EXERCISE INPUT
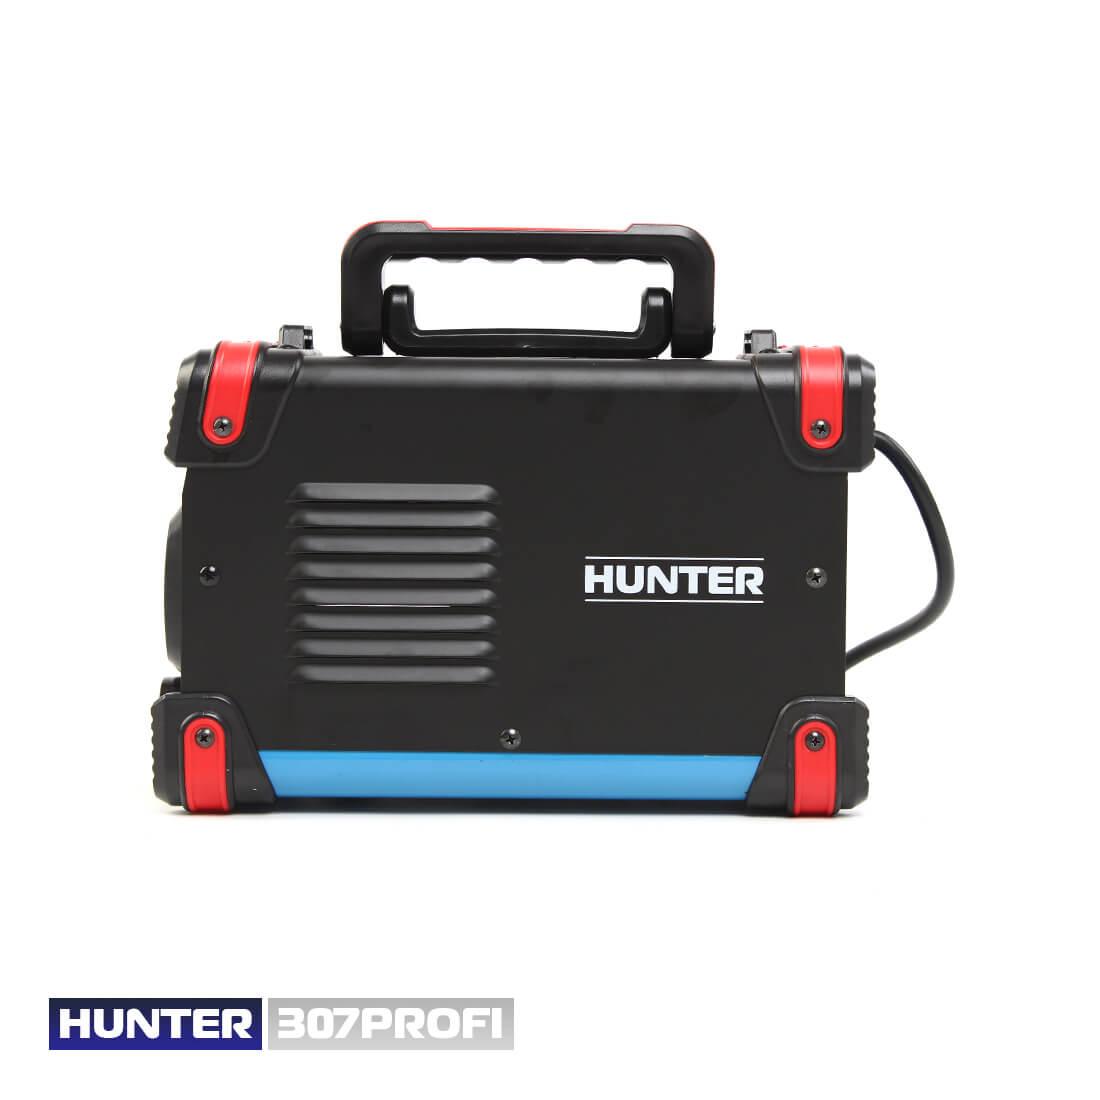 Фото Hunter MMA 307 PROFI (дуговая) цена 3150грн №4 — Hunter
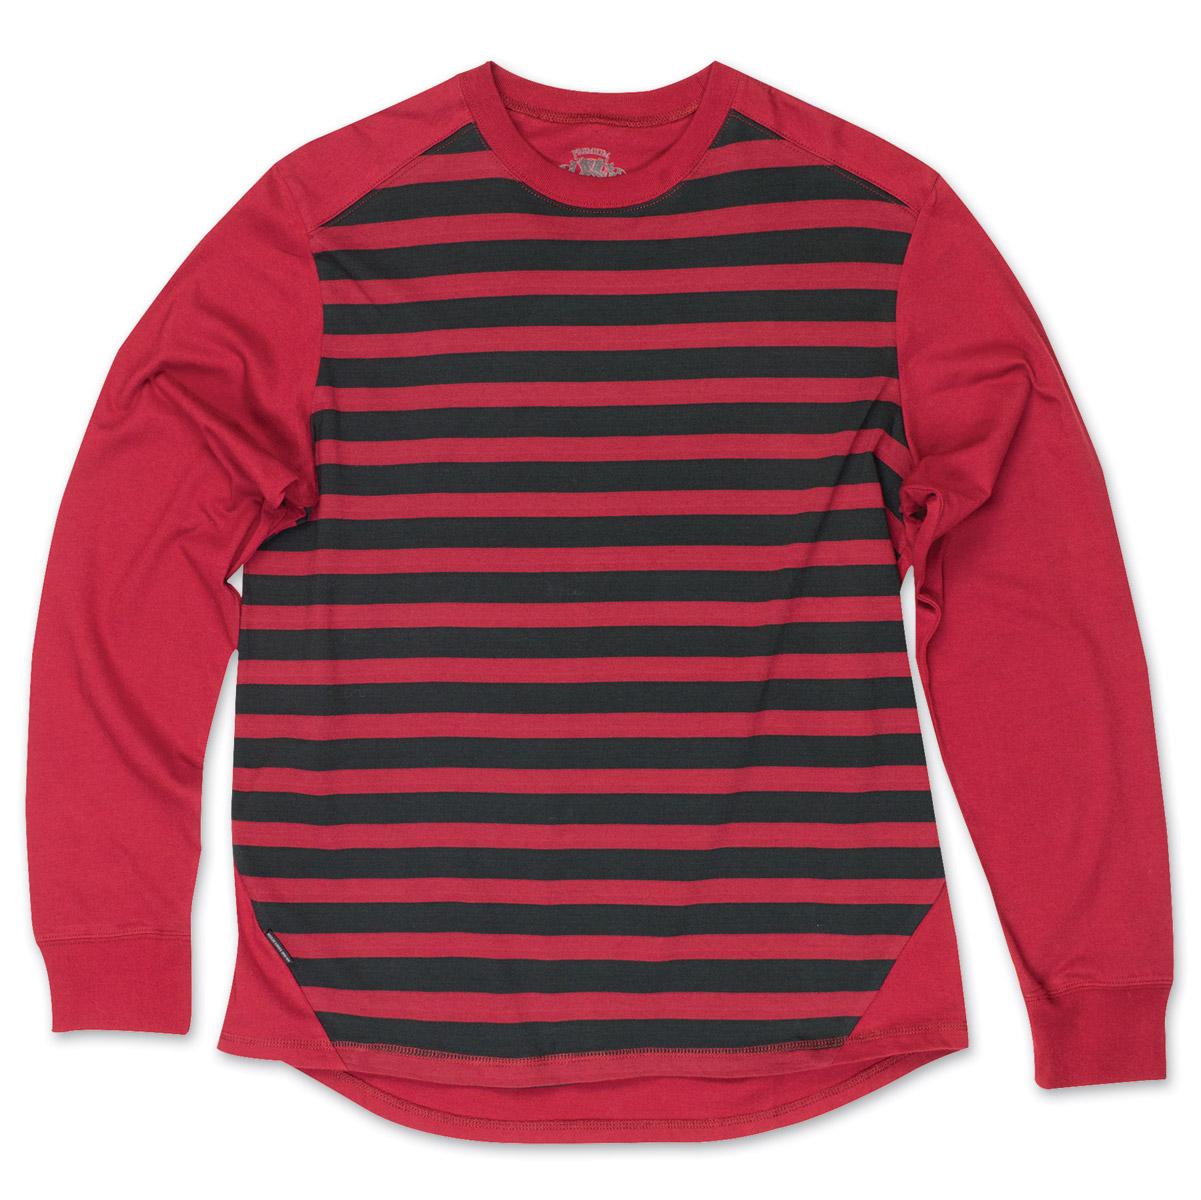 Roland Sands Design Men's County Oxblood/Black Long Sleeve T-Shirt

---

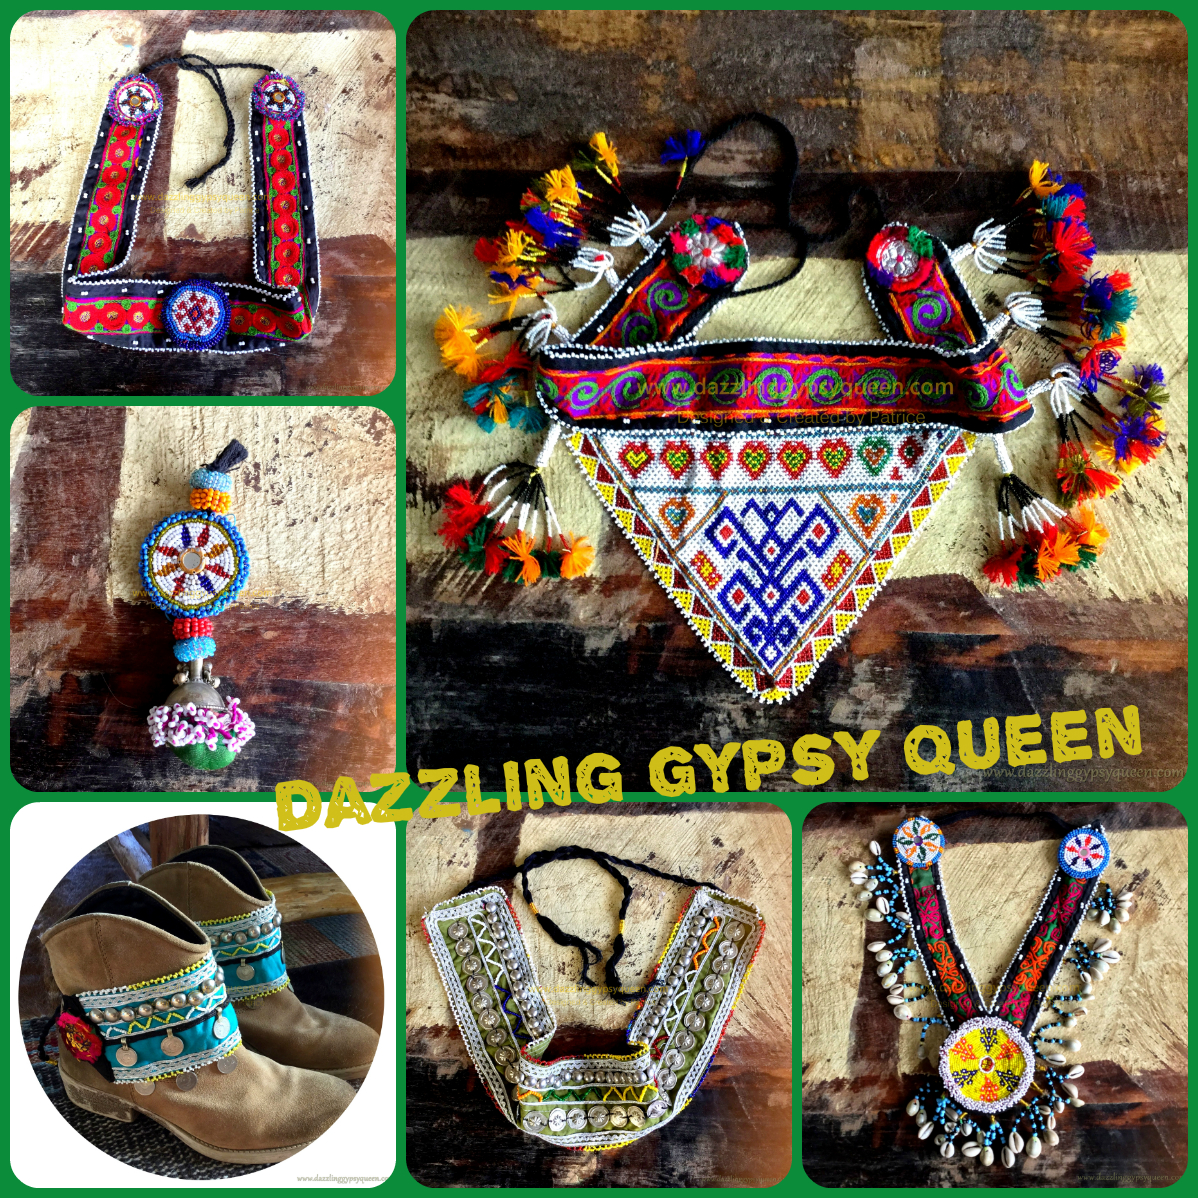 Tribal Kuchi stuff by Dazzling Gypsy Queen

DIRECTIONS
From the data above, return exactly the lines from the one with "Фото Hunter MMA" up to and including the one with "Roland Sands Design". Pictures do not go in the copy.

RESPONSE FOR THIS EXERCISE
 Фото Hunter MMA 307 PROFI (дуговая) цена 3150грн №4 — Hunter
 Roland Sands Design Men's County Oxblood/Black Long Sleeve T-Shirt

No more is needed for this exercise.